### Task brief
The pictures are to be left out when the listing below is reproduced word for word.

### Stored data

Start of Block

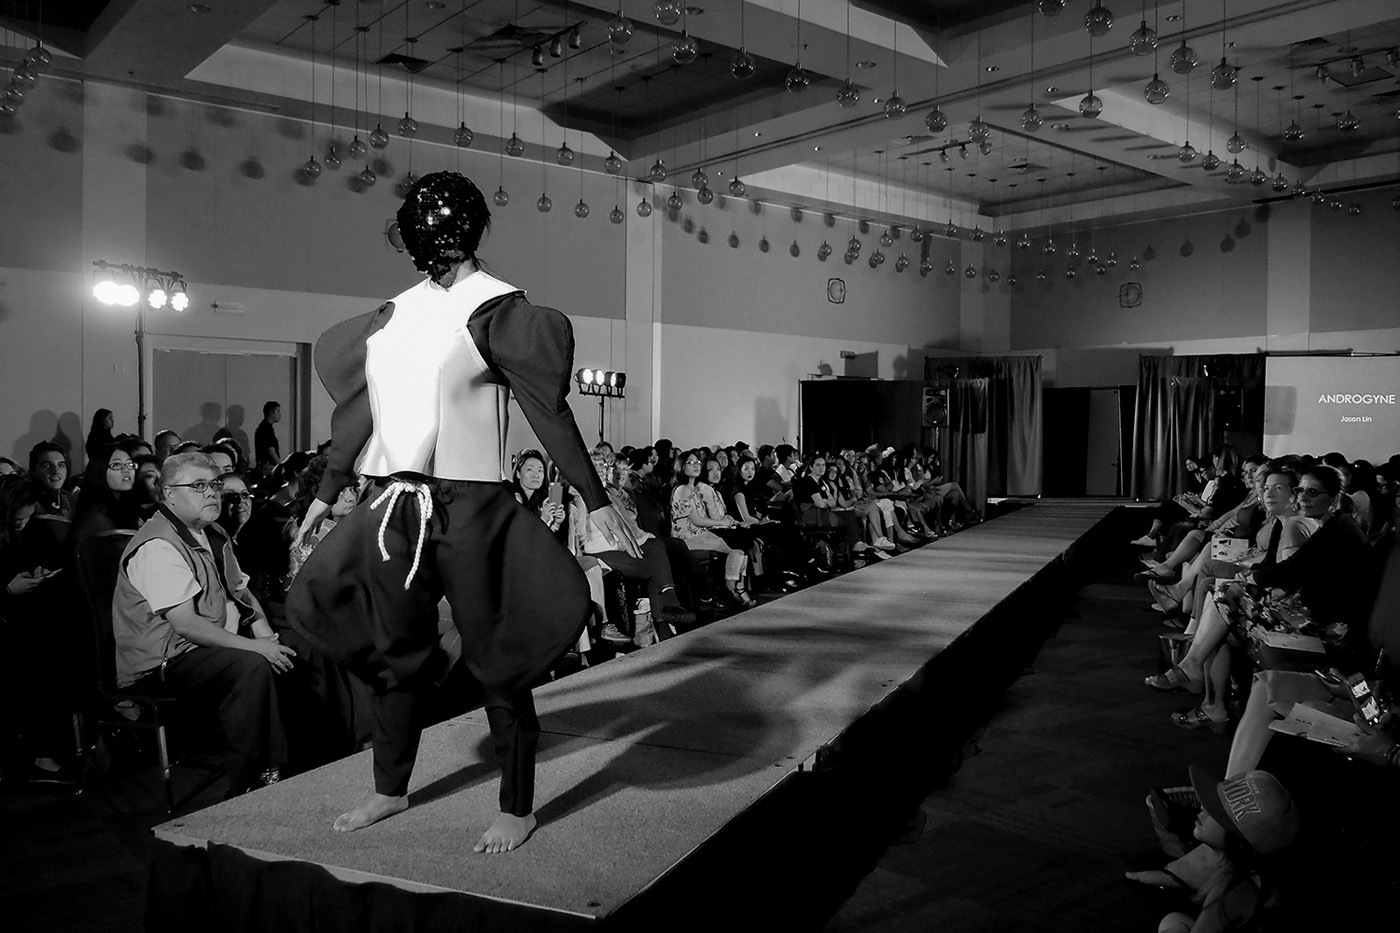 A black and white image of a figure at the end of a fashion runway with an audience of people on either side of it. The model's face is obscured by a sequin covered mask and a wears a black and white outfit that exaggerates the bicep and thigh muscle areas of the model.
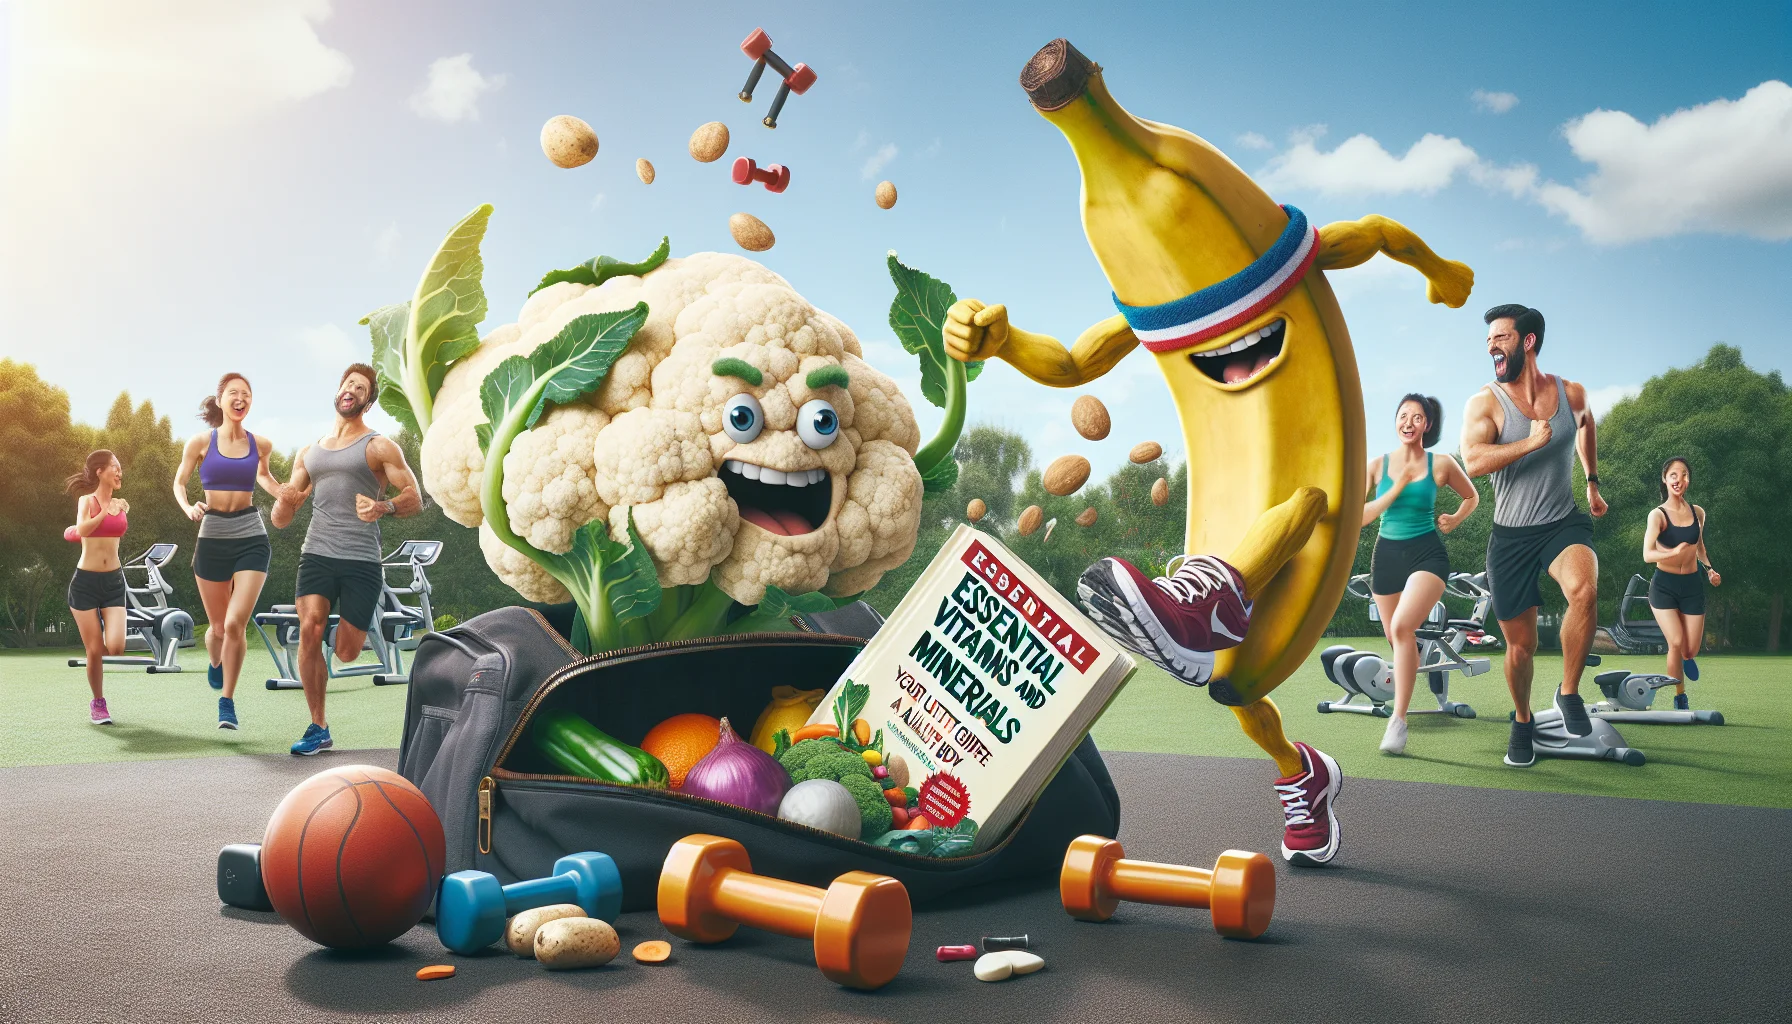 Craft a realistic image of a humorous scene that captures the essence of a healthy lifestyle. This scenario includes a display of 'Essential Vitamins and Minerals: Your Ultimate Guide for a Healthy Body' book in an amusing manner. The book is flying out of an open gym bag in the midst of various exercise equipment. A cauliflower in running shoes and a banana in a sweatband (both anthropomorphized) are playfully chasing after it. They are in an outdoor park with people of different genders and descents also engaging in diverse physical activities in the background, advocating the importance of exercise for a healthy body.
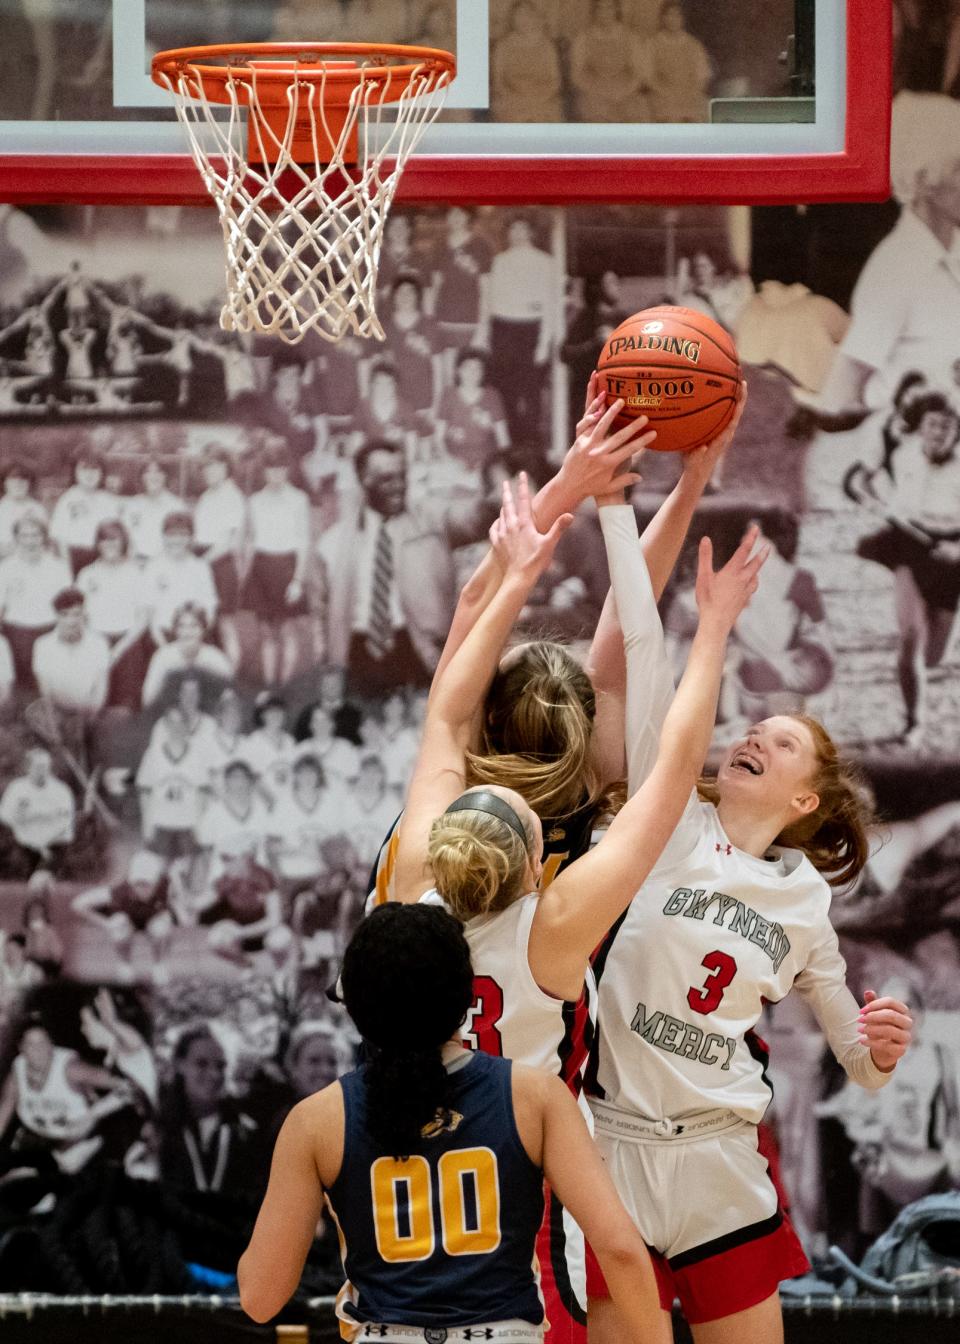 Gwynedd Mercy's Jenna Mangan, left, and Cara Lapp, right, battle New Hope-Solebury's Reagan Chrencik for a rebound in a District One Class 4A semifinal game, on Tuesday, February 22, 2022, at Gwynedd Mercy Academy High School in Lower Gwynedd. The Monarchs advance to the Class 4A final after defeating the Lions 56-28.

End of Block

### Task solution
 A black and white image of a figure at the end of a fashion runway with an audience of people on either side of it. The model's face is obscured by a sequin covered mask and a wears a black and white outfit that exaggerates the bicep and thigh muscle areas of the model.
 Craft a realistic image of a humorous scene that captures the essence of a healthy lifestyle. This scenario includes a display of 'Essential Vitamins and Minerals: Your Ultimate Guide for a Healthy Body' book in an amusing manner. The book is flying out of an open gym bag in the midst of various exercise equipment. A cauliflower in running shoes and a banana in a sweatband (both anthropomorphized) are playfully chasing after it. They are in an outdoor park with people of different genders and descents also engaging in diverse physical activities in the background, advocating the importance of exercise for a healthy body.
 Gwynedd Mercy's Jenna Mangan, left, and Cara Lapp, right, battle New Hope-Solebury's Reagan Chrencik for a rebound in a District One Class 4A semifinal game, on Tuesday, February 22, 2022, at Gwynedd Mercy Academy High School in Lower Gwynedd. The Monarchs advance to the Class 4A final after defeating the Lions 56-28.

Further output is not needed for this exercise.